As the overpayment was recoverable, the Adjudicator considered that the starting position ought to be that the recovery period should be at least as long as the period over which the overpayment occurred (there were two separate periods here given the two errors). It would also be sensible for Cabinet Office to consider Ms H’s claim for financial hardship when agreeing any recovery plan by providing her with a reasonable opportunity to submit evidence of her financial position, and taking due account of this.
Cabinet Office and MyCSP accepted the Adjudicator’s Opinion but it was not accepted by Ms H and the complaint was passed to me to determine. Ms H has confirmed that there are no additional points which she would like me to consider. I agree with the Adjudicator’s Opinion and I will therefore only comment on the main points.
Ombudsman’s decision
12 Cabinet Office Ms H Cabinet Office
Cabinet Office. The position is set out in sub-paragraph 21.3 above.
I do not uphold Ms H’s complaint. I understand, from its acceptance of my Adjudicator’s opinion, that Cabinet Office is open to considering Ms H’s circumstances when agreeing a recovery period. I also agree that it would be reasonable to offer Ms H the opportunity to submit evidence of her financial circumstances before deciding on a recoupment schedule.
Anthony Arter
Pensions Ombudsman 31 March 2022
13 Appendix
Extracts: Adjudicator’s notes on June 2015 call recordings between MyCSP and Ms H
3 June 2015
Ms H notifies MyCSP of her re-employment. MyCSP explains that it is the employer that advises it of this – they send a re-employment form and MyCSP processes all the changes.

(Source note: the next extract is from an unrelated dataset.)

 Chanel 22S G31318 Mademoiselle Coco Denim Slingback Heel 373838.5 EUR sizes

Ms H asks what these changes are. The MyCSP representative explains that her pension and earnings cannot exceed what she was earning previously. They explain that because of the abatement rules, her pension might decrease or be fully abated.
Ms H asks what she can do to avoid this, can she ask for a reduced wage? MyCSP says she can also reduce her hours.

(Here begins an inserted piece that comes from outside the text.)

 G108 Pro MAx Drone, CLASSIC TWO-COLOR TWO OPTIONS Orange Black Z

Ms H says she thinks her new wage will be a figure between £18,000 and £19,000. MyCSP explains that to work out whether abatement applies, her new wage and pension are added together. If this total exceeds Ms H’s previous wage, her pension will be fully abated or it can be partially abated, depending on her new salary.
Ms H says: “I’m going to go over.” She then says she needs to discuss this matter with HR. MyCSP and Ms H discuss her salary of reference. MyCSP says that Ms H’s pension will be fully abated.
4 June 2015
Ms H says that she has taken up a post with HMRC and believes her pension will be abated.
She refers to a salary of reference and asks if that can be checked. She thinks this is a figure of £18,500.
She is told her salary of reference is £20,671.60 and if she earns anything over this amount, then her pension will be abated. She asks what happens when her pension is abated and if the pension is “frozen.” She is told that her pension will return to its normal level when she retires and leaves work.
MyCSP says that abatement applies “from the minute you start work.”
Ms H says she does not know what to do and is not able to reduce her hours. She says she is unsure if it is “worth carrying on” if she “can’t keep her whole pension.” She says she will think about it.
14 8 June 2015
Ms H says she wants to obtain some figures to see if she wants to carry on with her job or not. She says she understands the maximum she can earn is £20,671.60.
She is initially told that her earnings cannot exceed a figure of £22,125.
MyCSP then says it calculated the salary of reference incorrectly and that her salary of reference is the salary she was on previously.
MyCSP says her pension plus new salary cannot be over what she used to earn, so she will have “gone over.”
Ms H says: “It looks as if I’m going to lose it.”
MyCSP says what she decides is up to her but it would let her know if it was going to abate her pension.
Ms H says her old wage £18,872. Ms H says she would get about £1,000 (in pension).